## Data extract
*** Begin section ***

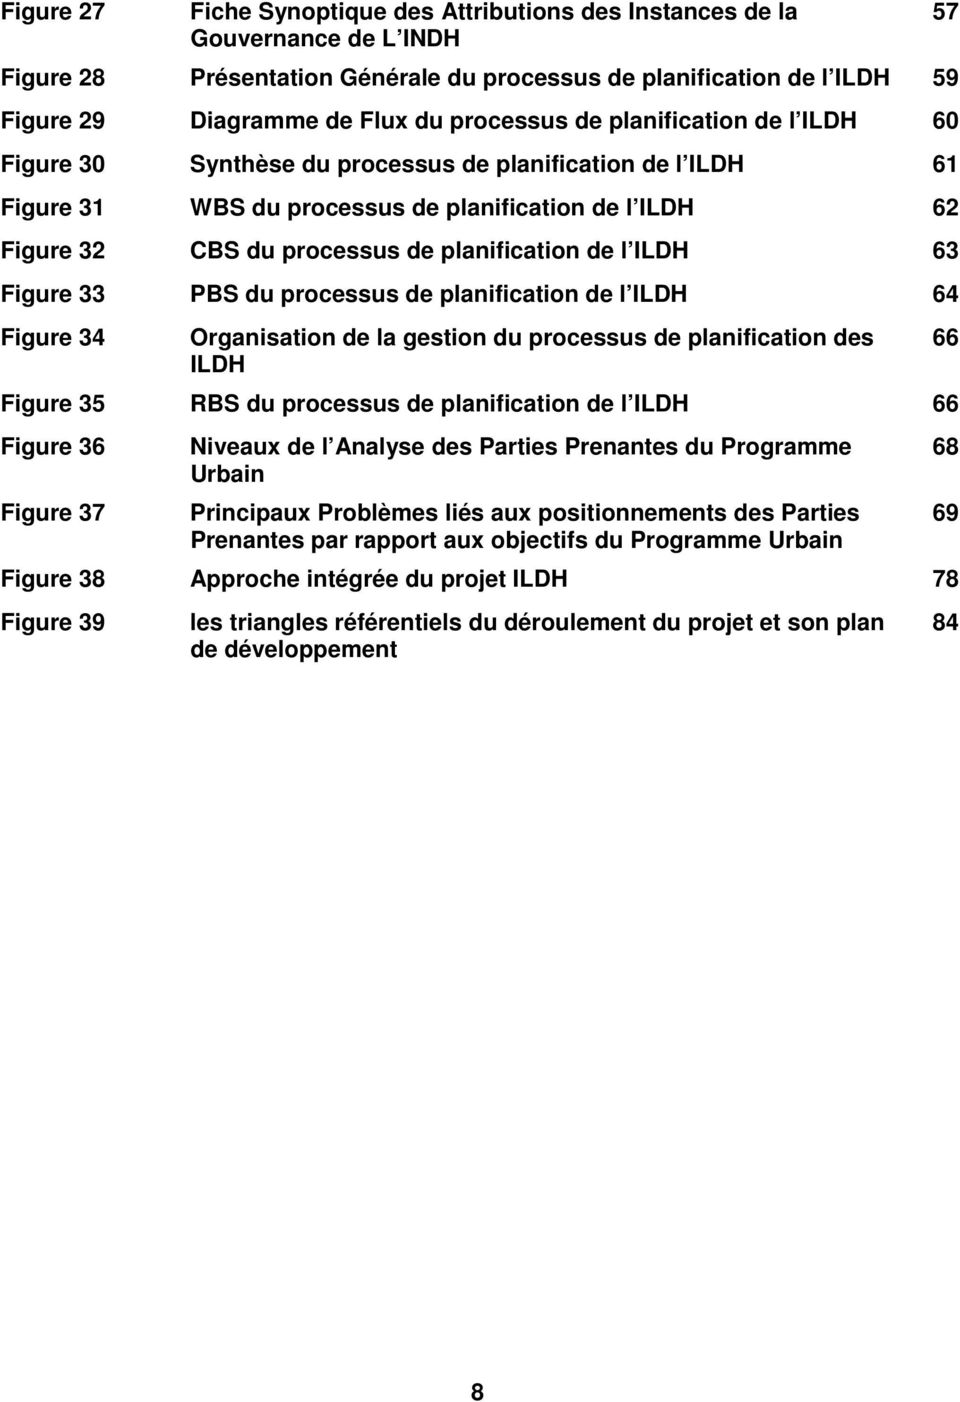 planification de l ILDH 63 Figure 33 PBS du processus de planification de l ILDH 64 Figure 34 Organisation de la gestion du processus de planification des ILDH Figure 35 RBS du processus de
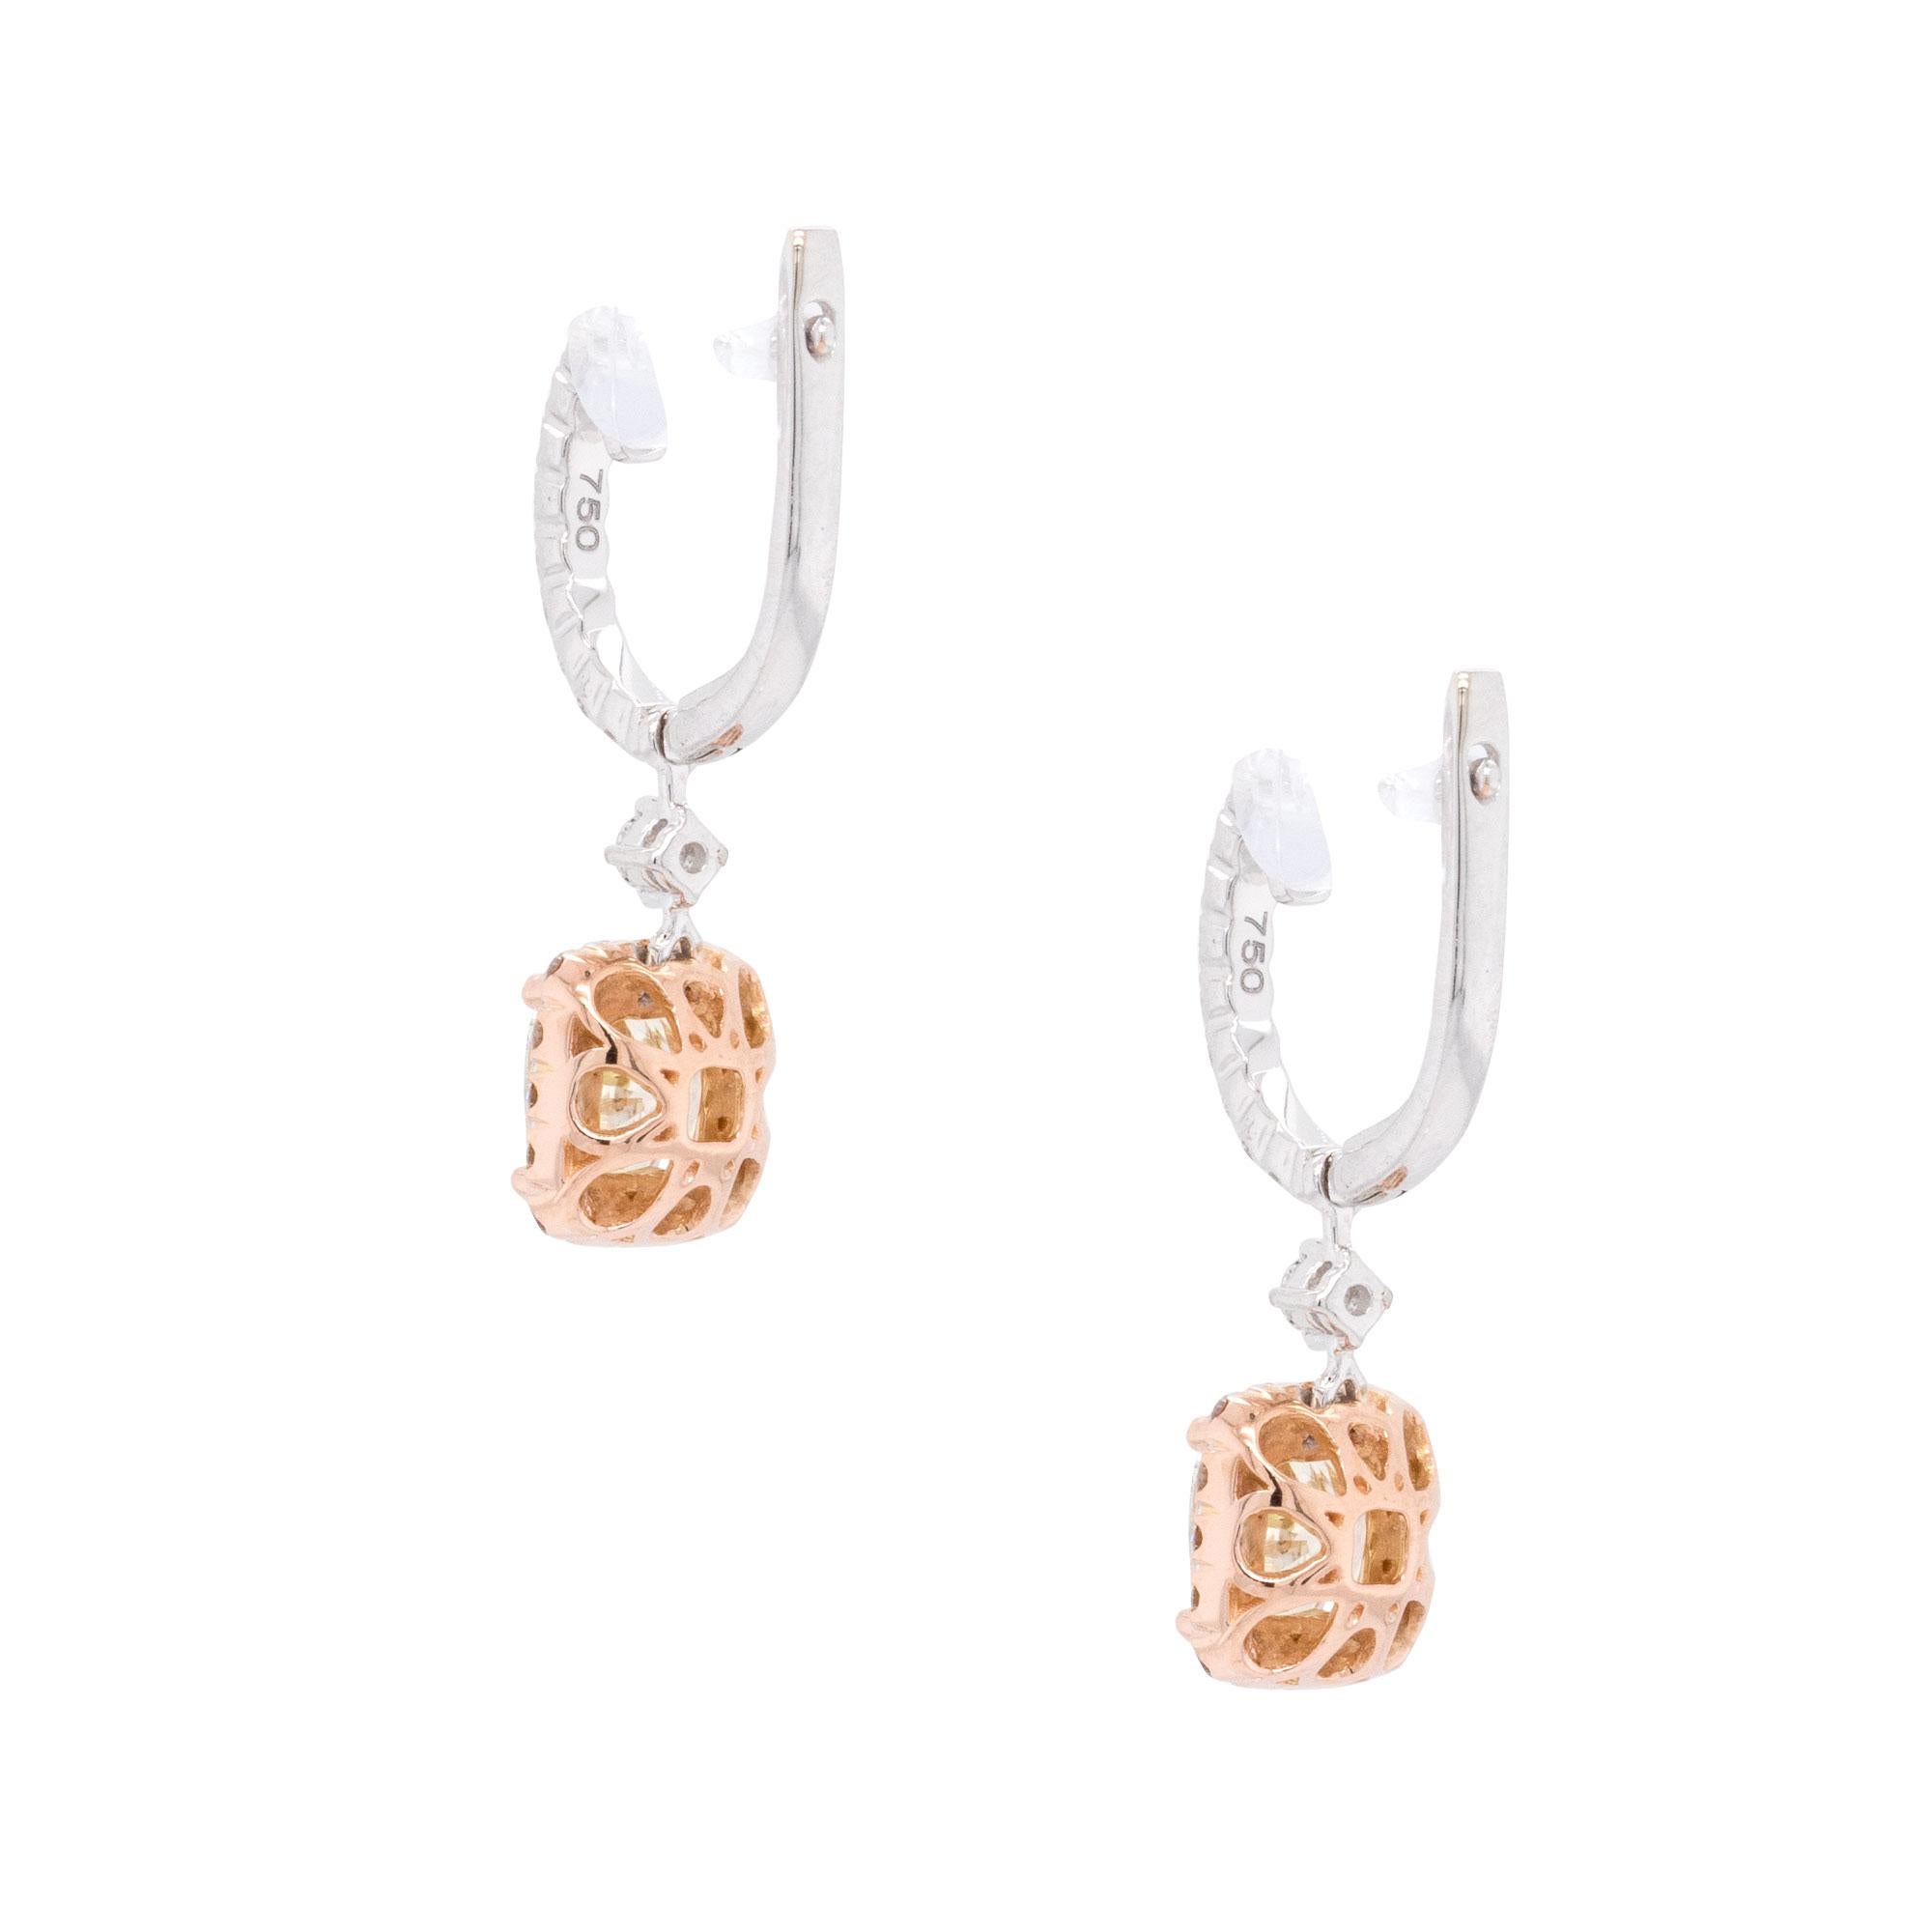 2 Carat GIA Certified Cushion Cut Diamond Dangle Earrings For Sale 1
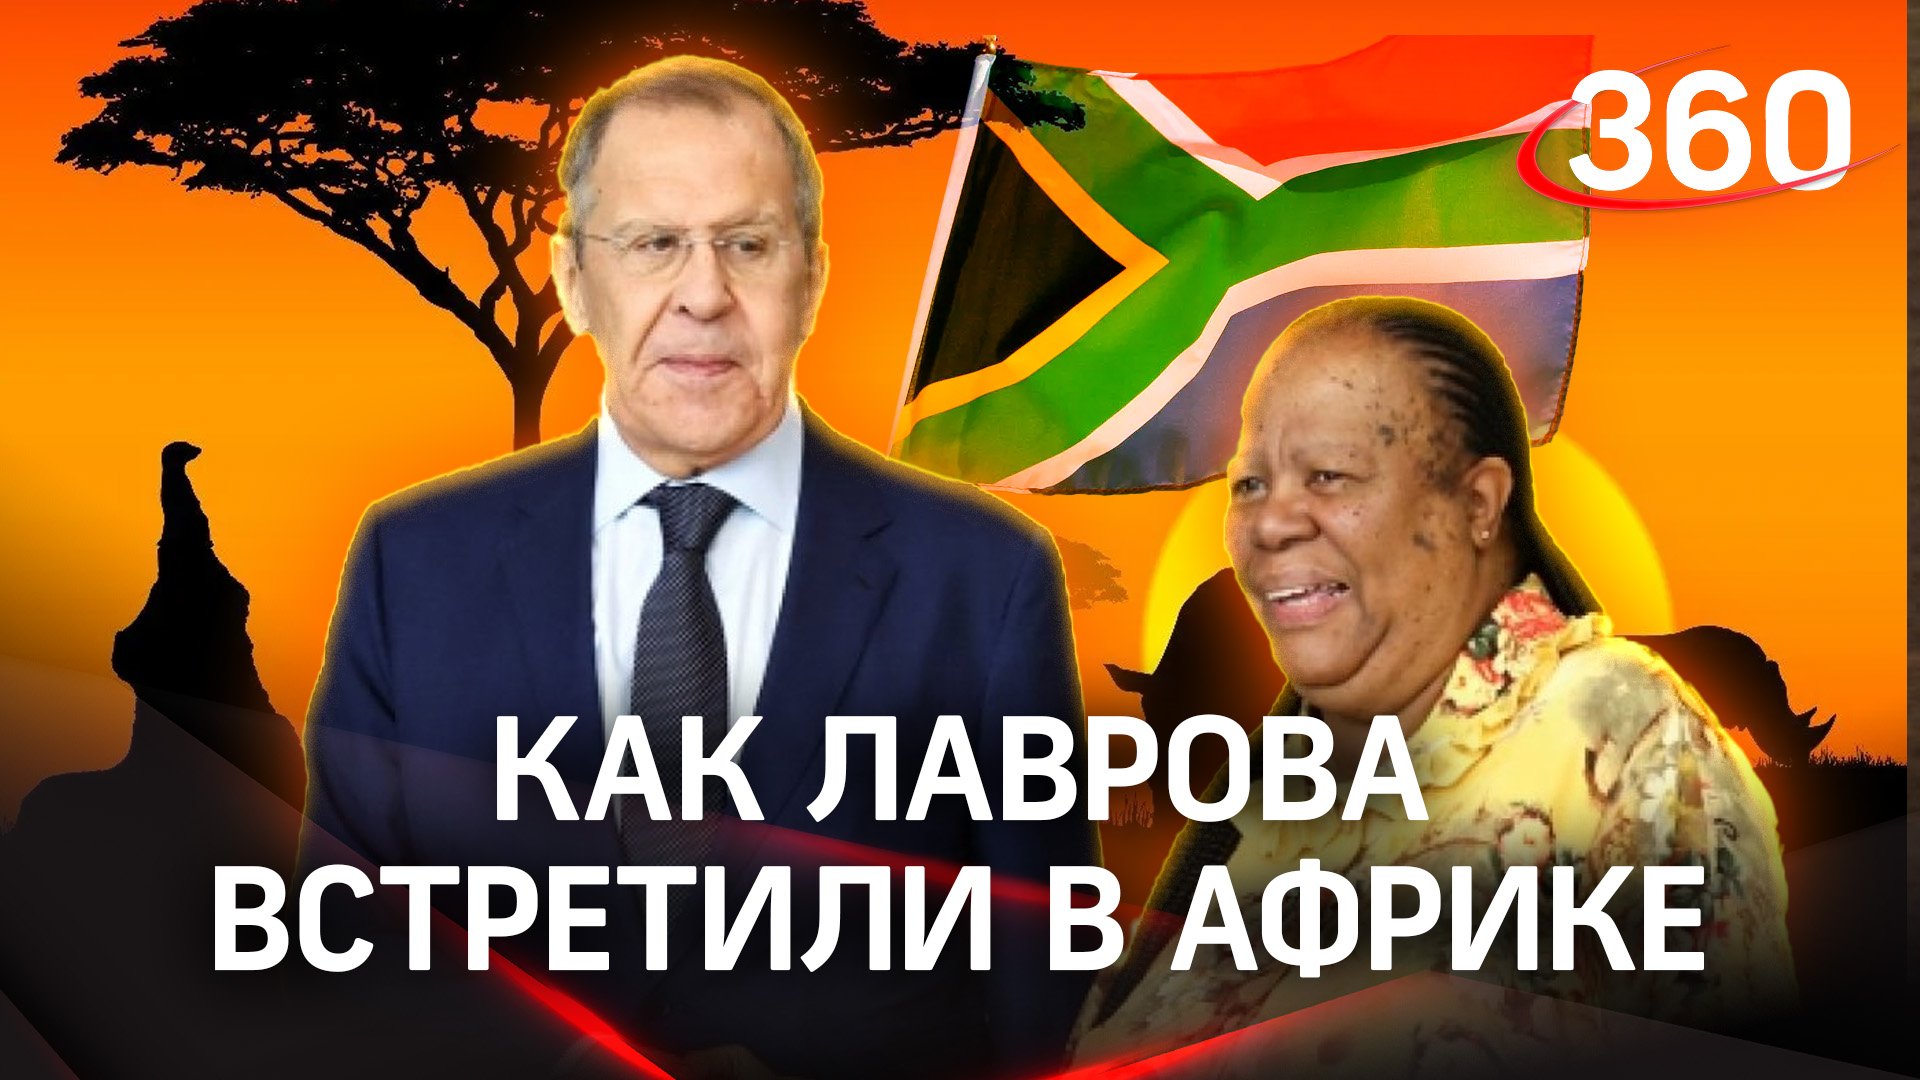 Вдоль по Африке: Лавров прибыл в Эсватини из ЮАР. Как российского министра встретили на континенте
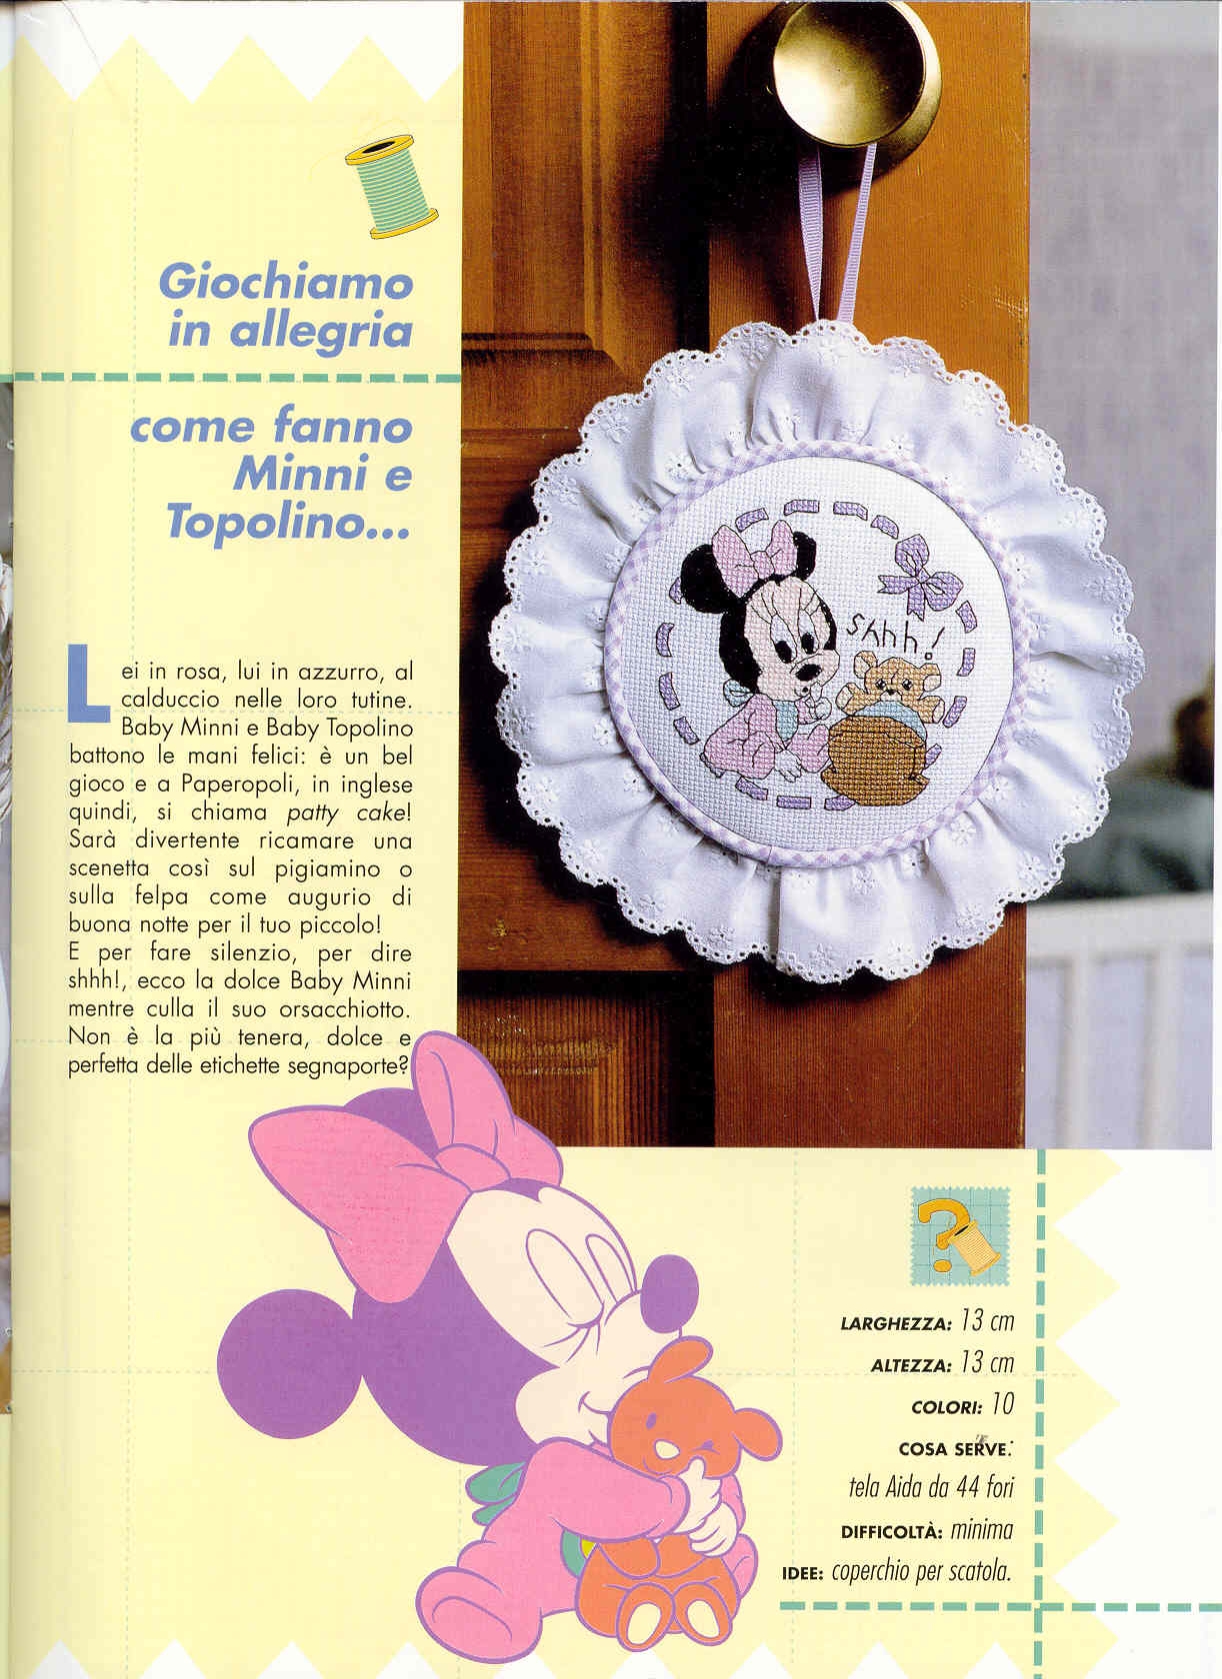 Birth bow with Disney Minnie and a teddy bear (1)

*** End section ***

## Task to complete
Write out again, word for word, the lines from the one holding "Вдоль по Африке: Лавров" through the final line of the listing, including both ends but no pictures.

## Exercise output
 Вдоль по Африке: Лавров прибыл в Эсватини из ЮАР. Как российского министра встретили на континенте
 Birth bow with Disney Minnie and a teddy bear (1)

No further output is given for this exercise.